I believe if one were to read my post it'd have been clear that I *am* a user.
This *is* "hacker" news after all. I think it's a safe assumption that people sitting here discussing CC are an inquisitive sort who want to understand what's under the hood of their tools and are likely to put in some extra time to figure it out.
And then their vibe-coders tell us that we are to blame for using the product exactly as advertised: https://x.com/lydiahallie/status/2039800718371307603 while silently changing how the product works.
Please stop defending hapless innocent corporations.
It's not about "constructing a prompt" in the sense of building the prompt string. That of course wouldn't be costly.
It is about reusing llm inference state already in GPU memory (for the older part of the prompt that remains the same) instead of rerunning the prompt and rebuilding those attention tensors from scratch.
that is what caching is doing. the llm inference state is being reused. (attention vectors is internal artefact in this level of abstraction, effectively at this level of abstraction its a the prompt).
The part of the prompt that has already been inferred no longer needs to be a part of the input, to be replaced by the inference subset. And none of this is tokens.
If I'm running a database keeping track of a conversation, and each time it writes the entire history of the conversation instead of appending a message, are we calling that O(N^2) now?
Try this out using a local LLM. You'll see that as the conversation grows, your prompts take longer to execute. It's not exponential but it's significant. This is in fact how all autoregressive LLMs work.
Also by the way, caching does not make LLM inference linear. It's still quadratic, but the constant in front of the quadratic term becomes a lot smaller.
Touché. Still, to a reasonable approximation, caching makes the dominant term linear, or equiv, linearly scales the expensive bits.
This is the operation that is basically done for each message in an LLM chat in the logical level: the complete context/history is sent in to be processed. If you wish to process only the additions, you must preserve the processed state on server-side (in KV cache). KV caches can be very large, e.g. tens of gigabytes.

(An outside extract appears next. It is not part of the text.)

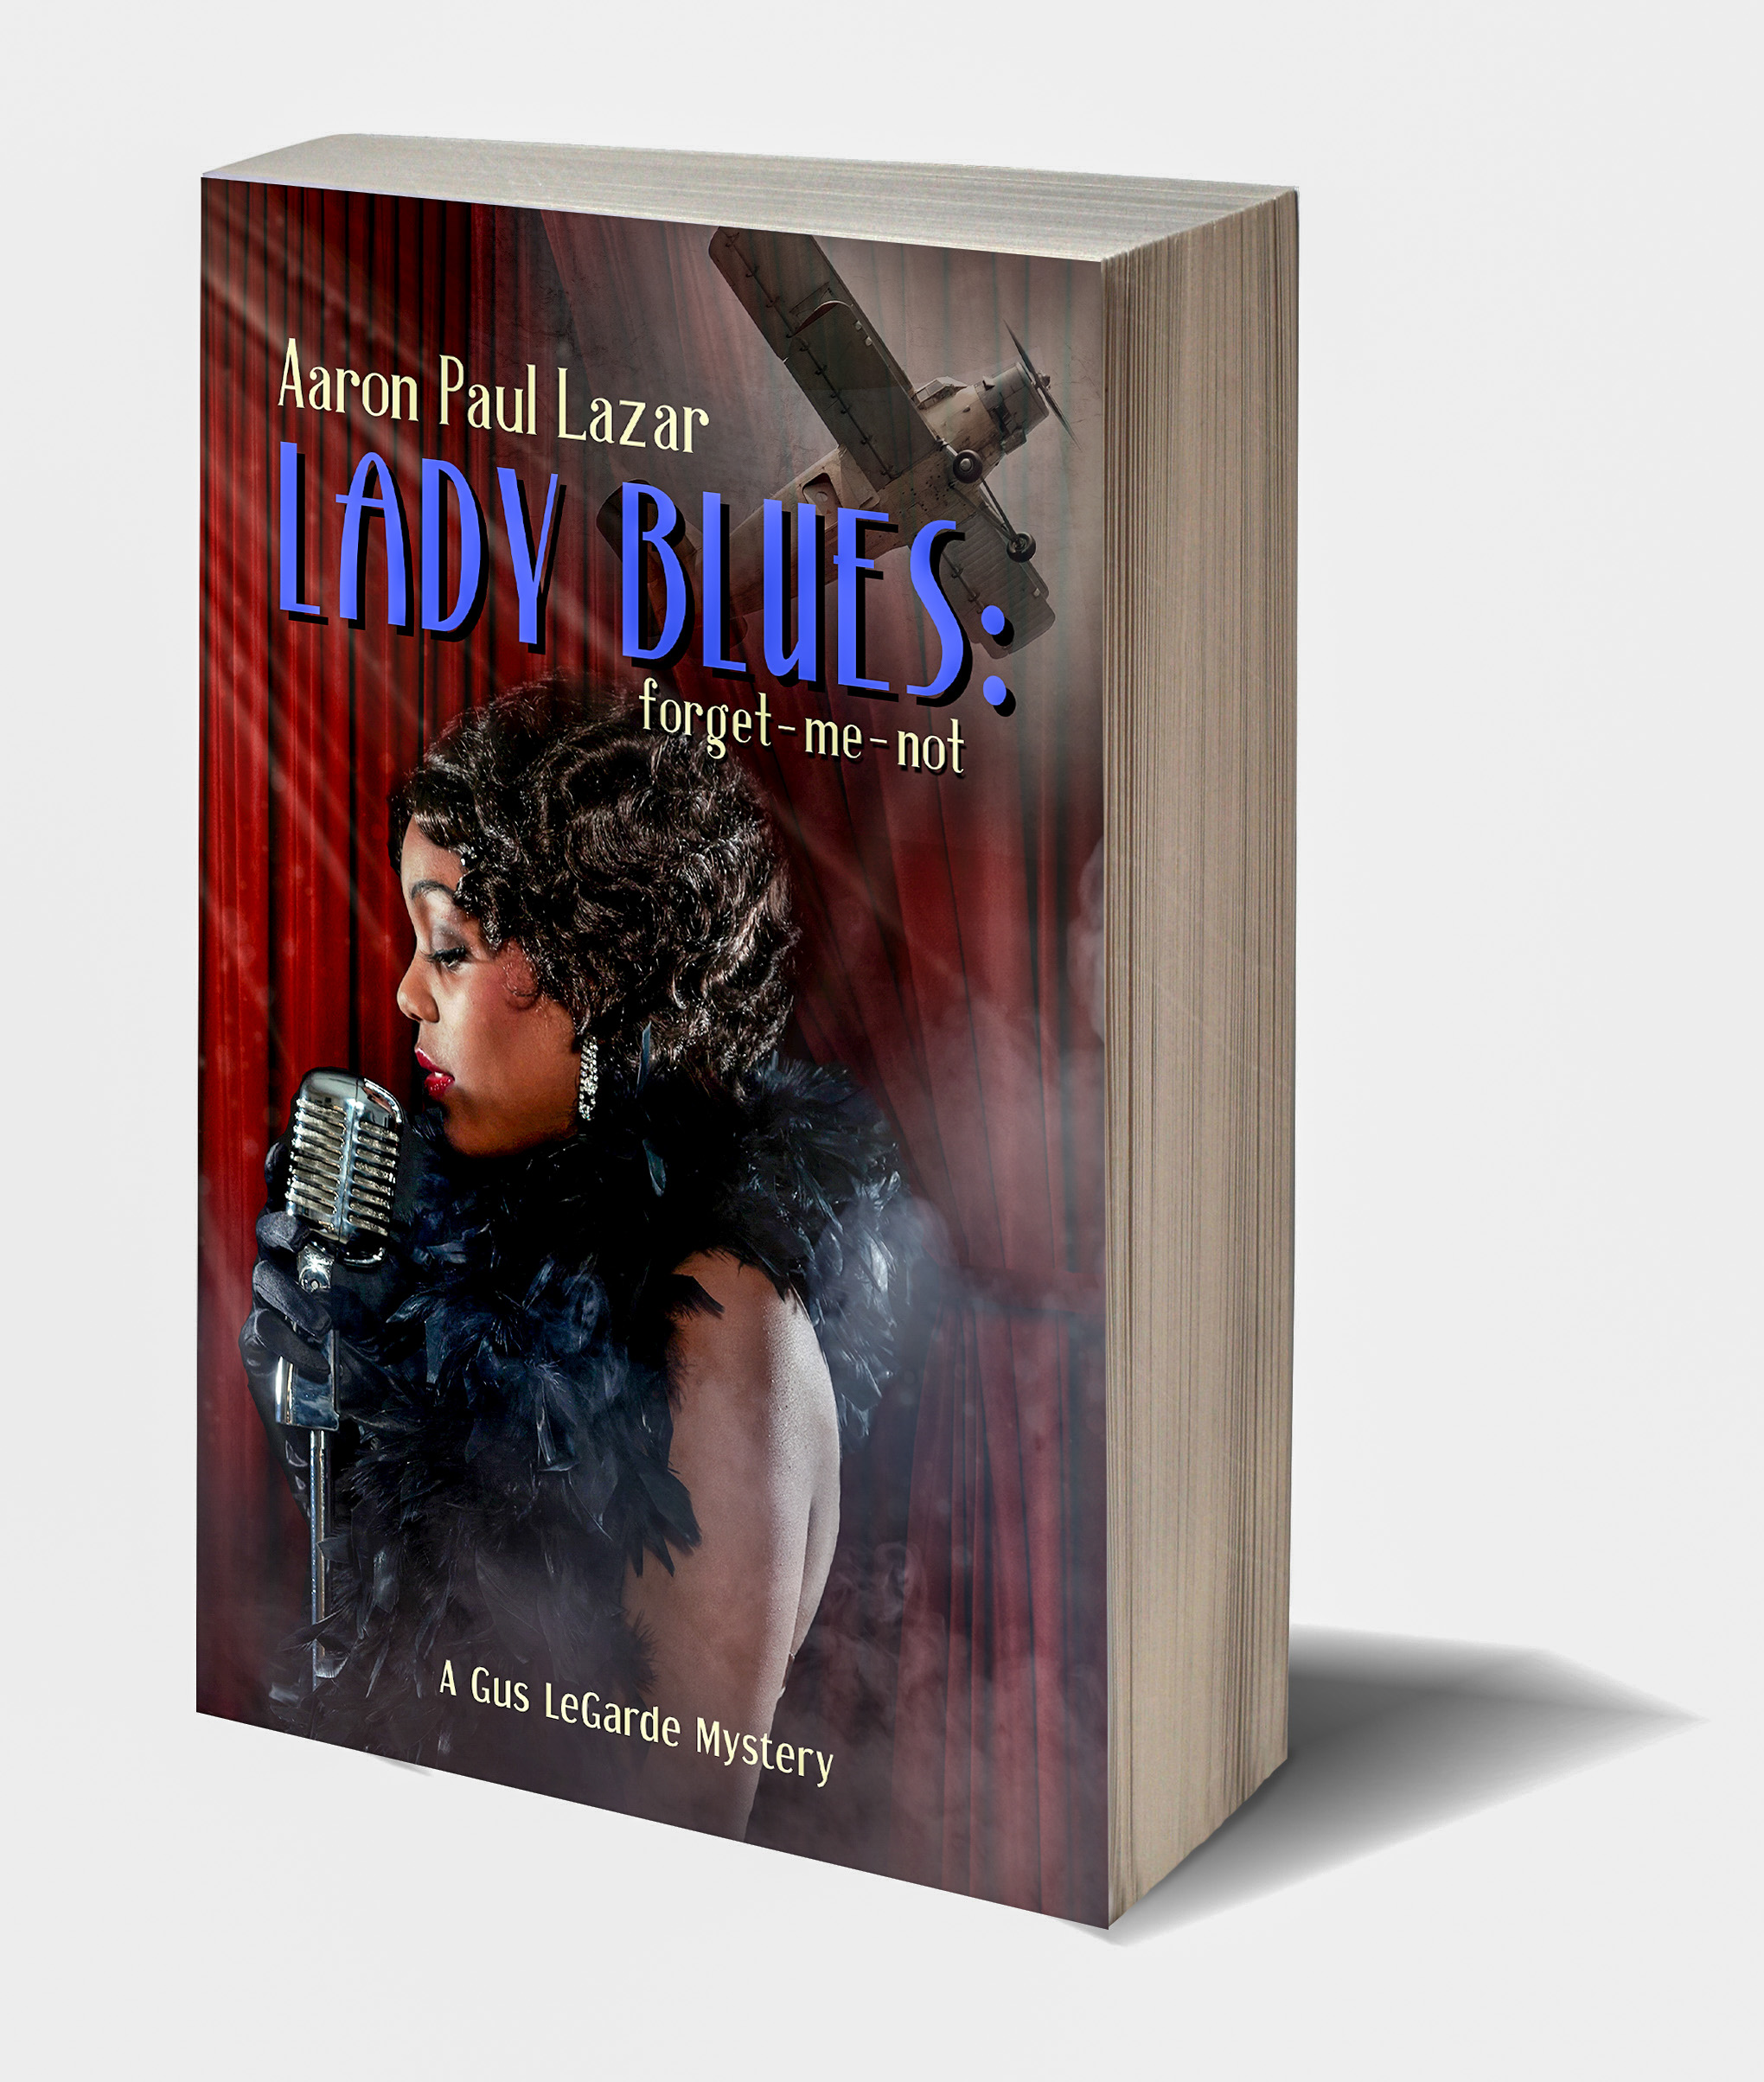 Book Review: Lady Blues: Forget-Me-Not by Aaron Paul Lazar
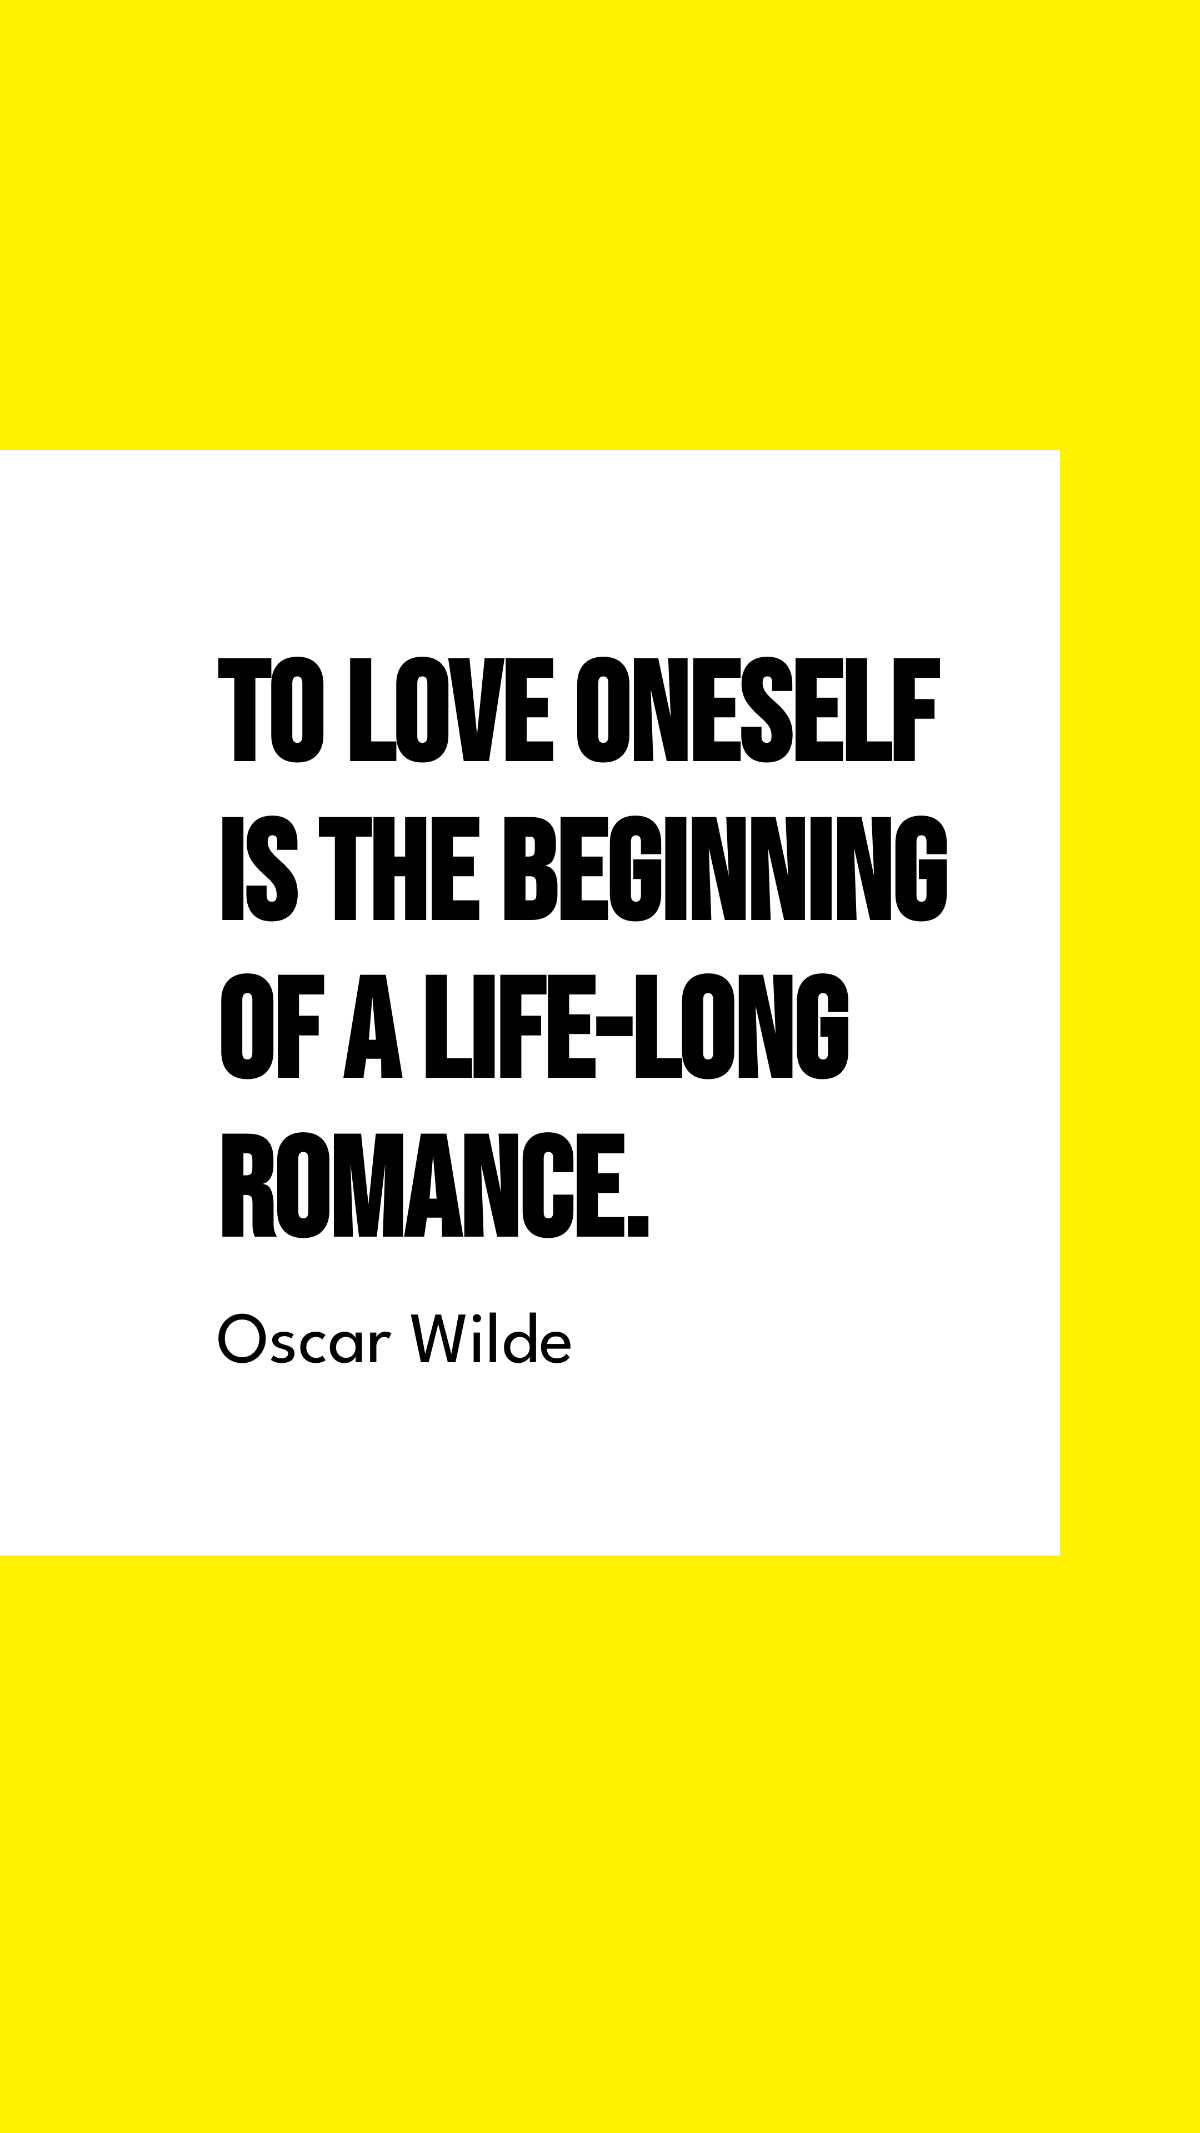 Oscar Wilde - To love oneself is the beginning of a life-long romance.

With this much cheaper setup backed by disks, they can offer much better caching experience:
> Cache construction takes seconds. Once the cache is no longer in use, it will be automatically cleared, usually within a few hours to a few days.
You already have the data on your own machine, and that 'upload and restore' process is exactly what is happening when you restart an idle session. The issue is that it takes time, and it counts as token usage because you have to send the data for the GPU to load, and that data is the 'tokens'.
The data is the conversation (along with the thinking tokens).
There is no download - you already have it.
The issue is that it gets expunged from the (very expensive, very limited) GPU cache and to reload the cache you have to reprocess the whole conversation.
That is doable, but as Boris notes it costs lots of tokens.
The kv-cache is the internal LLM state after having processed the tokens. It's big, and you do not have it locally.
The cache is what makes your journey from 1k prompt to 1million token solution speedy in one 'vibe' session. Loading that again will cost the entire journey.
Sure, the exact choice on the trade-off, changing that choice, and having a pretty product-breaking bug as a result, are much more opaque. But I was responding to somebody who was surprised there's any trade-off at all. Computers don't give you infinite resources, whether or not they're "servers," "in the cloud," or "AI."
I'm really beginning to feel the lack of control when it's comes to context if I'm being honest
So yeah, it doesn't take much to surface to the user that the speed/value of their session is ephemeral because to keep all that cache active is computationally expensive because ...
You're still just running text through a extremely complex process, and adding to that text and to avoid re-calculation of the entire chain, you need the cache.